• _DATA BLOCK_:
== Segment start ==

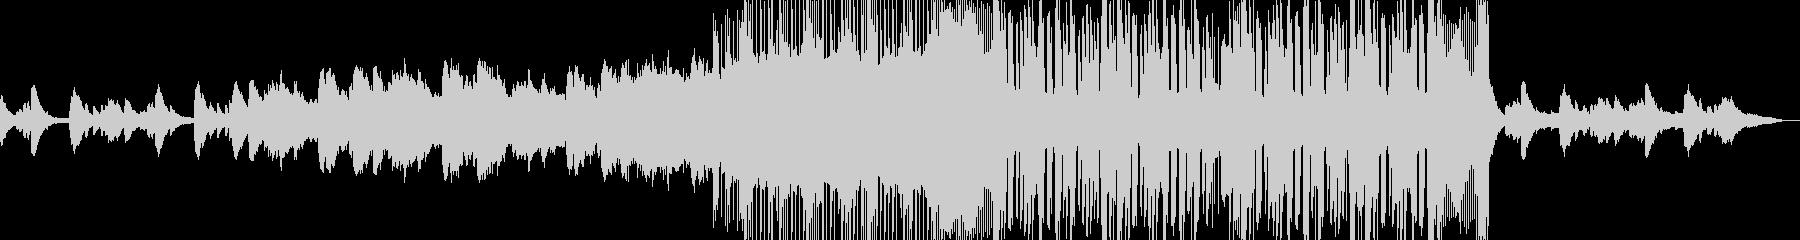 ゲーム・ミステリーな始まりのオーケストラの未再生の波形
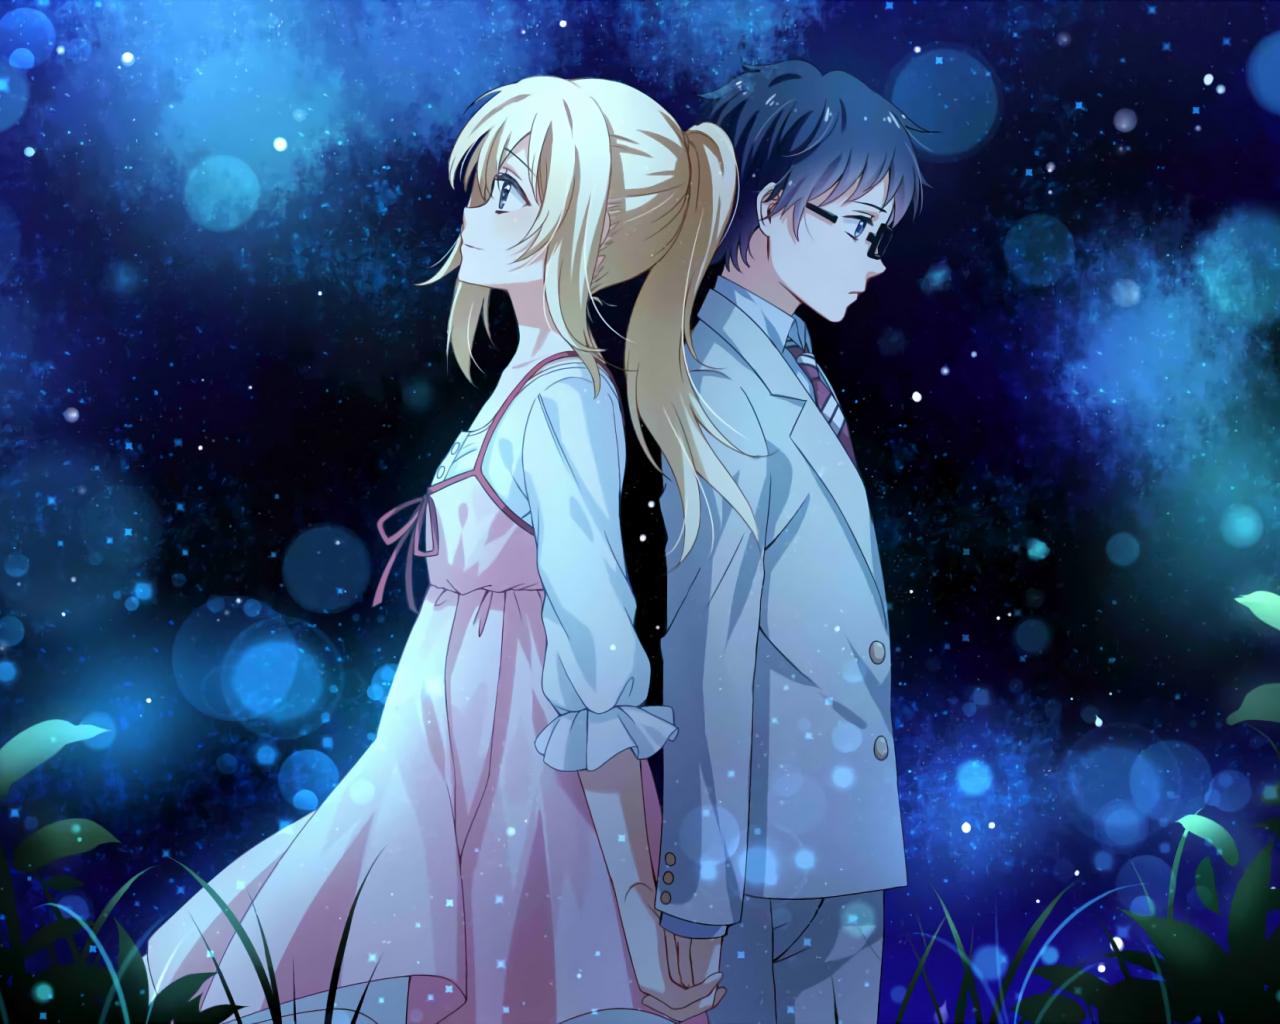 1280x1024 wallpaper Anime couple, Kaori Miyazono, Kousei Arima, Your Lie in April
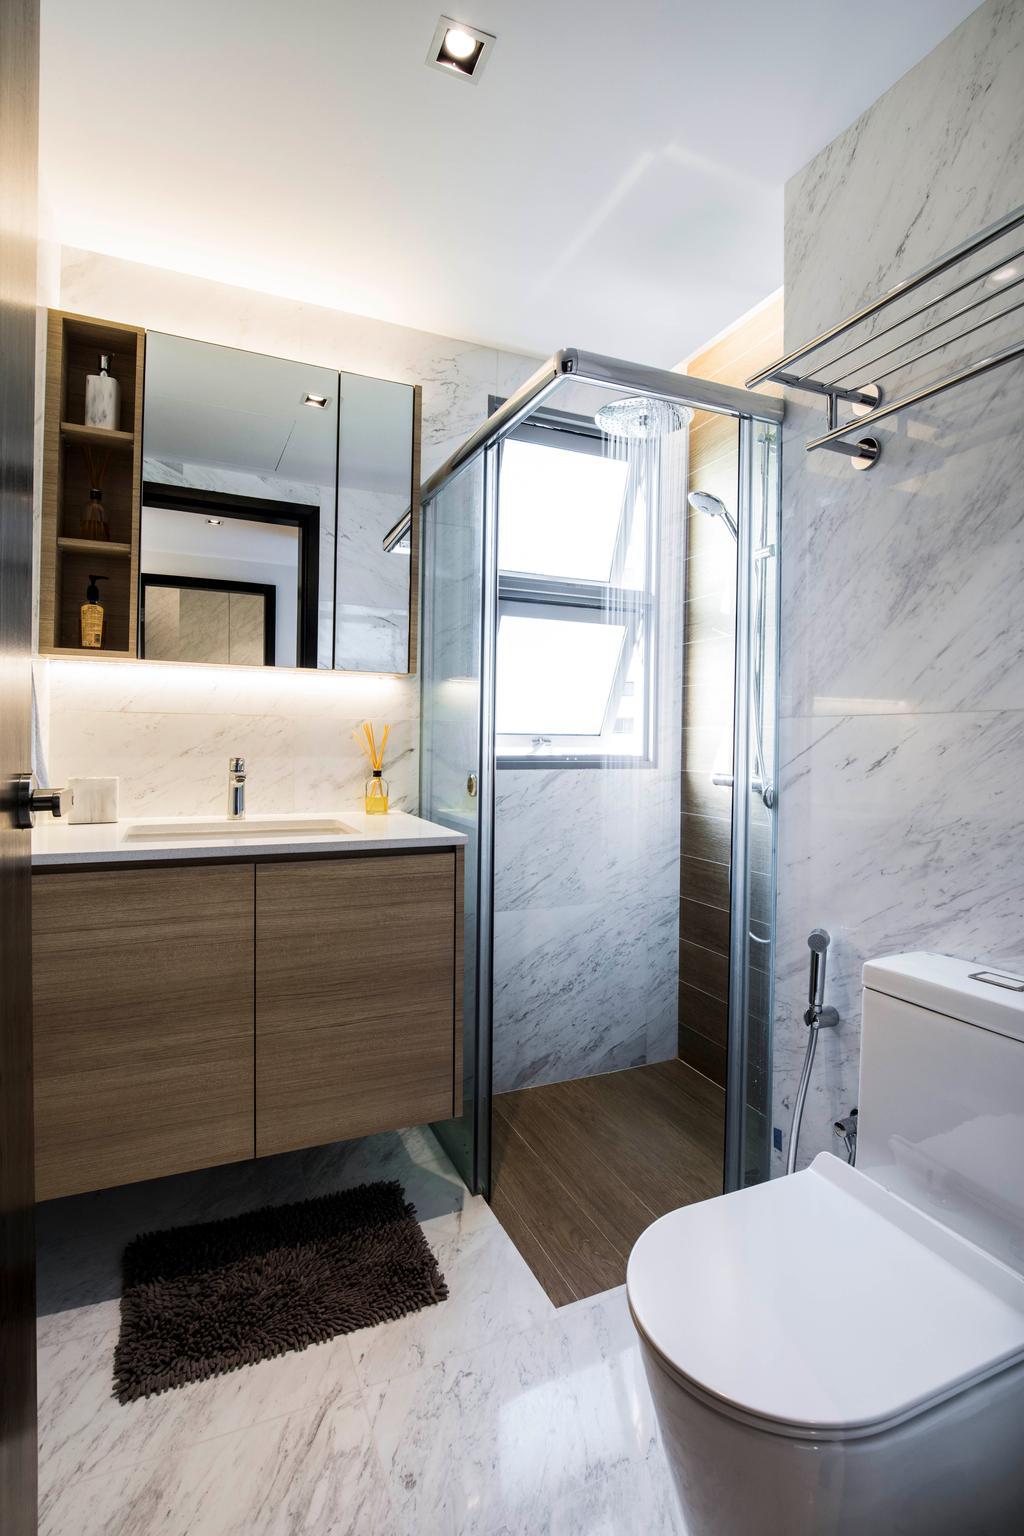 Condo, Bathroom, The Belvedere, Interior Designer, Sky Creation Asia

== Segment end ==

• _WHAT YOU WILL DO_: When you restate the listing, keep every word as it is and drop the pictures.

• _EXPECTED ANSWER_:
 ゲーム・ミステリーな始まりのオーケストラの未再生の波形
 1280x1024 wallpaper Anime couple, Kaori Miyazono, Kousei Arima, Your Lie in April
 Condo, Bathroom, The Belvedere, Interior Designer, Sky Creation Asia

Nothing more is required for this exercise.